Narrative of Privations and Sufferings of United States Officers and Soldiers While Prisoners of War in the Hands of the Rebel Authorities
Being the Report of a Commission of Inquiry, appointed by the United States Sanitary Commission. With an Appendix, containing the Testimony. Printed by the . Philadelphia.
THAT uniform thoroughness and accuracy which have marked all that has been done by the Sanitary Commission, not in the field alone, but in the committee-room and the printing-office, were never better shown than in this Report. It attempts something which, unless done thoroughly, was not worth doing; since, on a subject which appeals so strongly to the feelings, mere generalities and gossip do more harm than good. It is the work of a special Commission of Inquiry, composed of three physicians, (Drs, Mott, Delafield, and Wallace,) two lawyers, (Messrs. Wilkins and Hare,) and one clergyman (Mr. Walden). This commission has performed a great amount of labor, and has digested its result into a form so systematic as to be logically irresistible. The facts on which the statement rests are a large body of evidence, taken under oath, from prisoners of both armies, and confirmed by the admissions, carefully collated, of the Rebel press. The conclusion is, that, in the Southern prisons, “tens of thousands of helpless men have been, and are now being, disabled and destroyed by a process as certain as poison, and as cruel as the torture or burning at the stake, because nearly as agonizing and more prolonged,”

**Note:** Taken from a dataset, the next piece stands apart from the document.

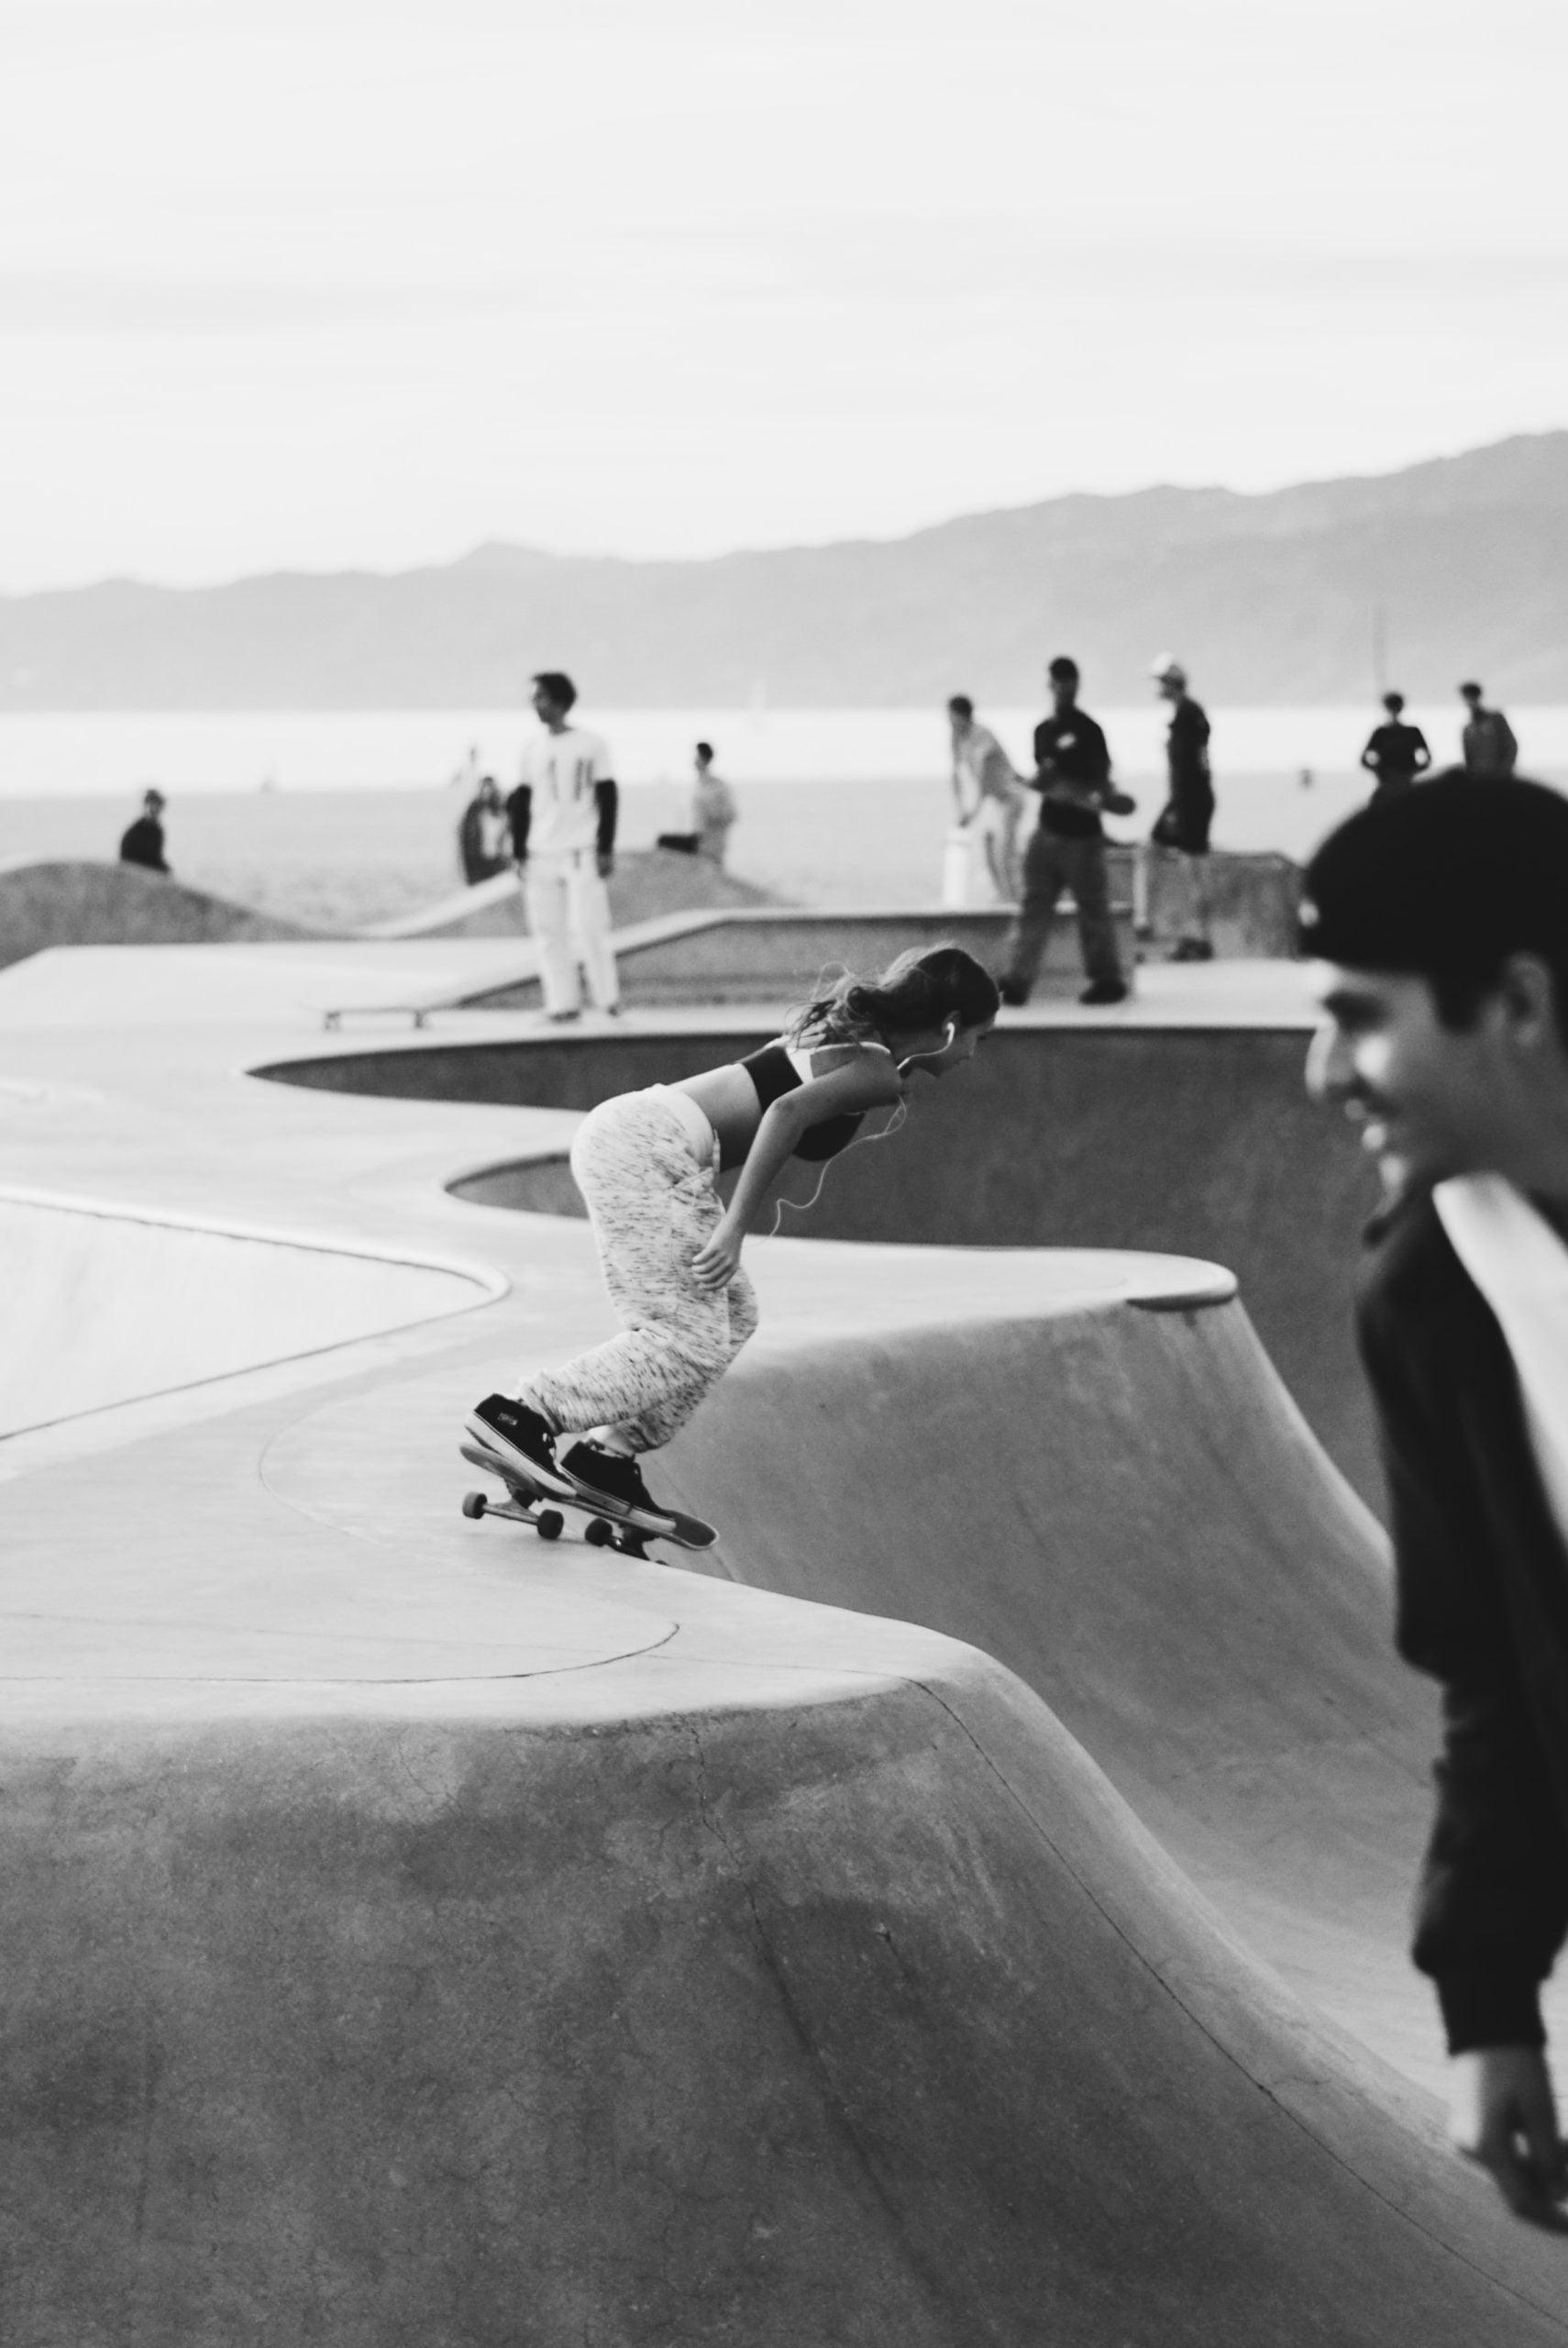 Köpguide för skateboard

The next stop is to fix the responsibility for all these horrors. All theories of apology—as that the sufferings were accidental or exceptional, or that, badly as our soldiers may have fared, the Rebel soldiers fared little better — are taken up and conclusively refuted, the last-named with especial thoroughness. The inevitable inference drawn by the Commission is, that these inhumanities wore “designedly inflicted on the part of the Rebel Government,” and were not “ due to causes which such authorities could not control.”
The immediate preparation of this able Report is understood to be due to the Rev. Treadwell Walden, an Episcopal clergyman of Philadelphia, not unknown to the readers of the “ Atlantic.” His present work will be the permanent authority for the facts which it records, and will justify to future generations the suggestion with which it ends, that these cruelties are the legitimate working of a form of government which takes human slavery for its basis. The record of such a government is fitly written in these pages : it is as appropriate as is, for a king of Dahomey, his funeral pyramid of skulls.